Many women struggle to obtain their breastfeeding goals. Women typically experience these struggles in the early postpartum period when routine checkups with their pediatric provider are most frequent. Studies show that women are more likely to stop breastfeeding in the first month, when they experience such problems as sore nipples, inadequate milk production, and infant difficulties with breastfeeding (Ahluwalia et al., 2005). Many of these problems could easily be addressed during routine pediatric visits. There should be a “zero zone of separation” between breastfeeding support staff and the breastfeeding dyad, with easily accessed and readily available lactation services at all times. A lactation consultant in or near the pediatric office can help women overcome these difficulties and thereby increase duration of breastfeeding (Ahluwalia et al., 2005).


Recommendations

Healthcare follow-up for mothers and babies should include “well breastfeeding care.” This term is borrowed from what we call regular newborn follow up appointments: well baby care. The concept is similar in design: have routine breastfeeding check-ups at regular intervals, as is done for well baby care. This model is also followed in prenatal care: women have routine check-ups at regular intervals to prevent problems, provide education, assure wellbeing and diagnose any abnormalities, rather than only seeking care when some pregnancy-related catastrophe occurs. It is much easier, cheaper, and healthier to prevent problems than to fix them.

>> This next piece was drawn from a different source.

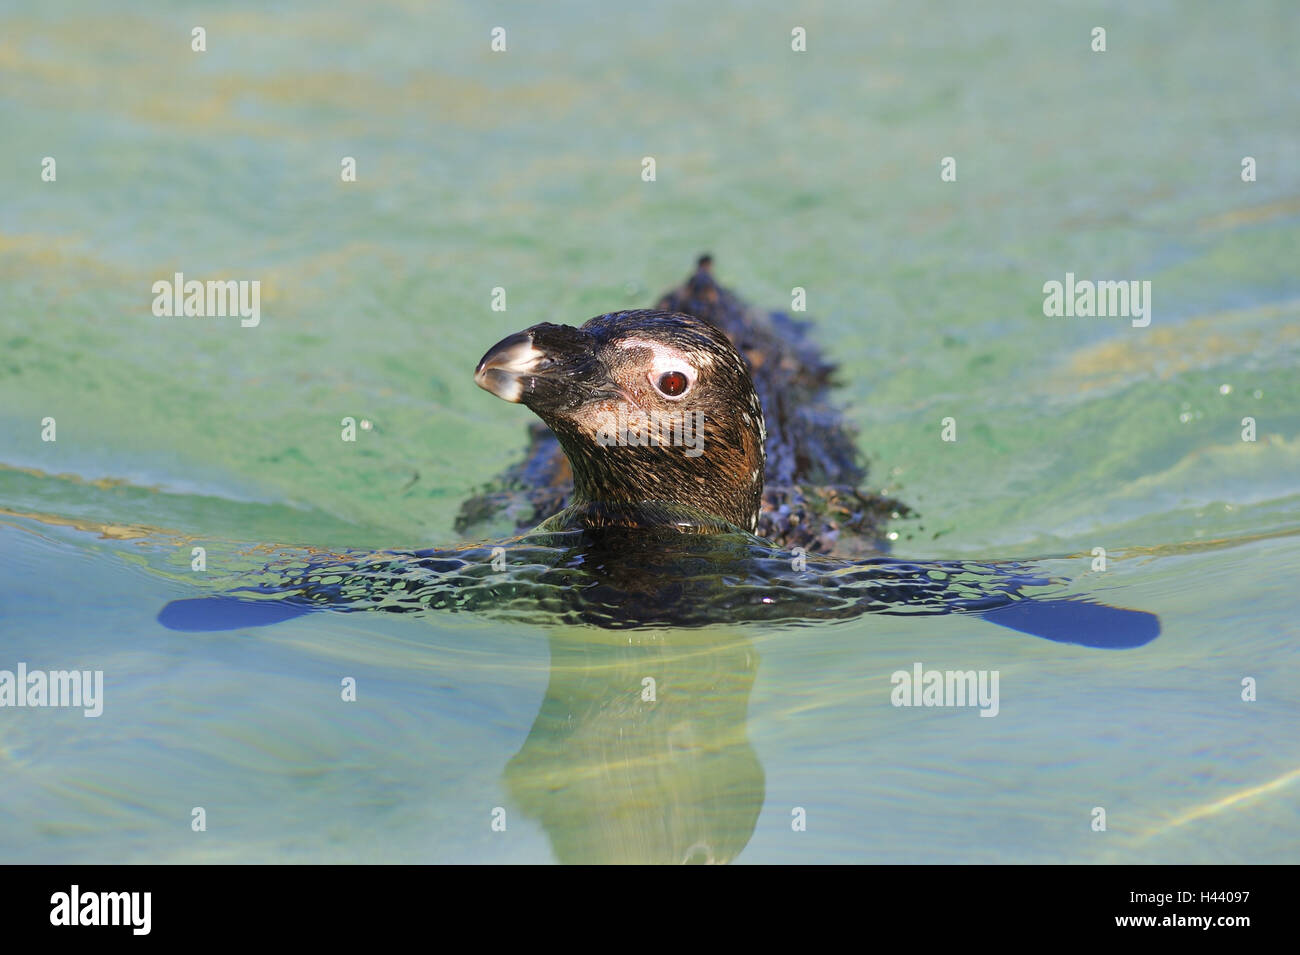 Glass penguin, Spheniscus demersus, swim, portrait, Stock Photo

Ideally, lactation care for all women should begin during the first trimester of pregnancy (Gutowski, Hoover, & Kautz, 2009). Women who receive prenatal education, postpartum visits, and telephone contacts with a lactation consultant, are more likely to breastfeed through week 20 and at a higher breastfeeding intensity (Ahluwalia et al., 2005). After delivery, instead of the current “crisis intervention” model of lactation intervention, breastfeeding support would be provided continuously. The lactation consultant would work with the mother to eliminate barriers to breastfeeding, provide education, prevent problems, and enhance the mother’s confidence. Lactation care would then continue until the time of weaning (Gutowski et al., 2009).

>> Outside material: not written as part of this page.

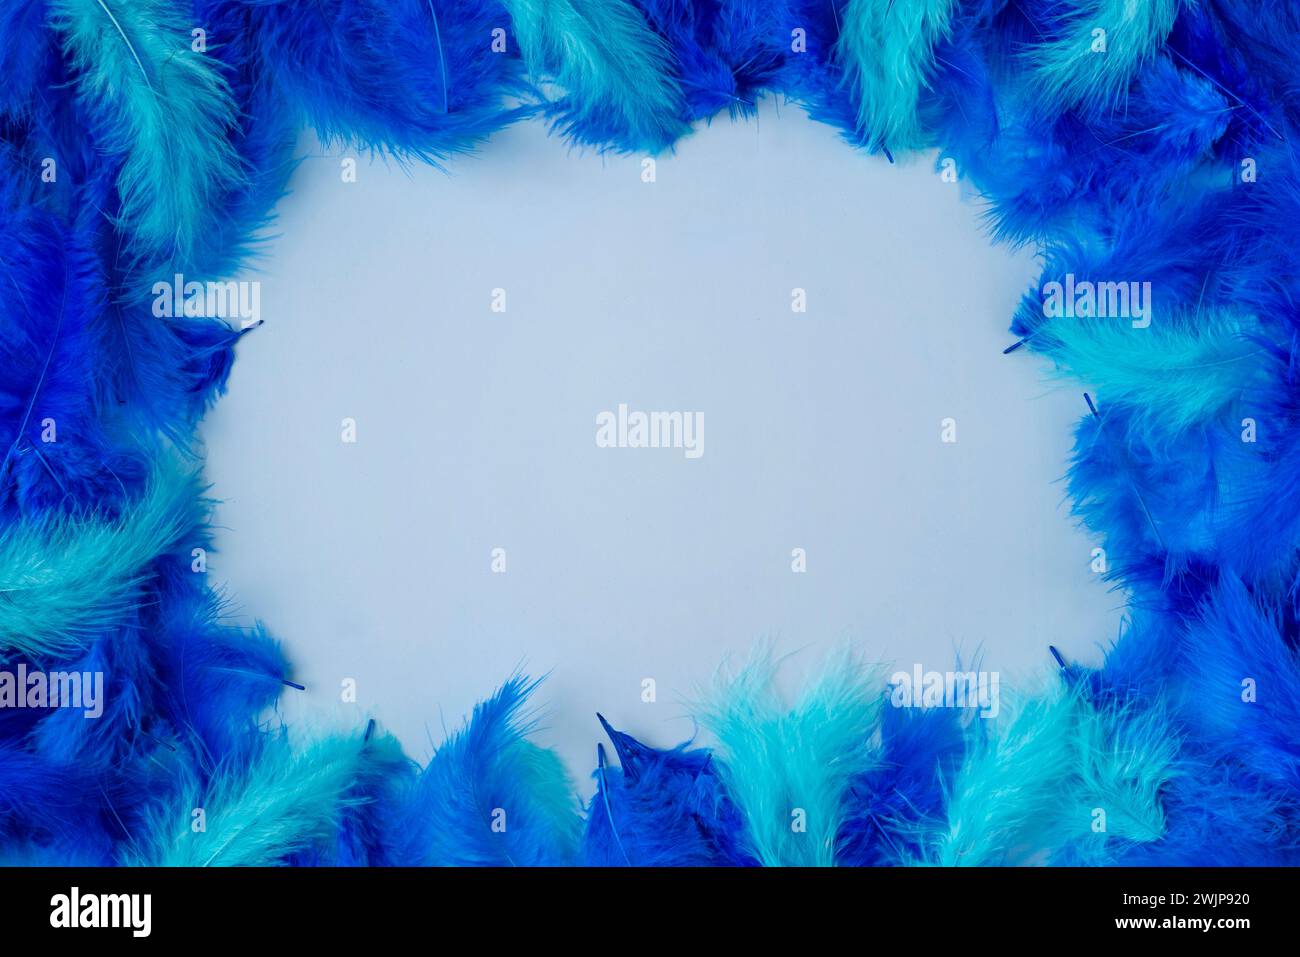 Rahmen aus blauen und türkisfarbenen Federn auf hellblauem Hintergrund Stockfoto

Breastfeeding is foundational to health; it affects the lifelong health of the individual, physically, emotionally, and mentally, both for babies and mothers. It should therefore be foundational in healthcare and covered by healthcare premiums. Health care dollars are spent on treating diseases and conditions that could have been effectively prevented by breastfeeding. In order to appropriately address this preventative health care gap and the excessive costs that result, consumers, health care providers, insurers and employers need to be able to identify and access qualified lactation consultants to provide services and protect quality of care (Gutowski, Walker, & Chetwynd, 2010). Building lactation care into office visits would take care of the billing aspect by making it part of the billing for the office visit.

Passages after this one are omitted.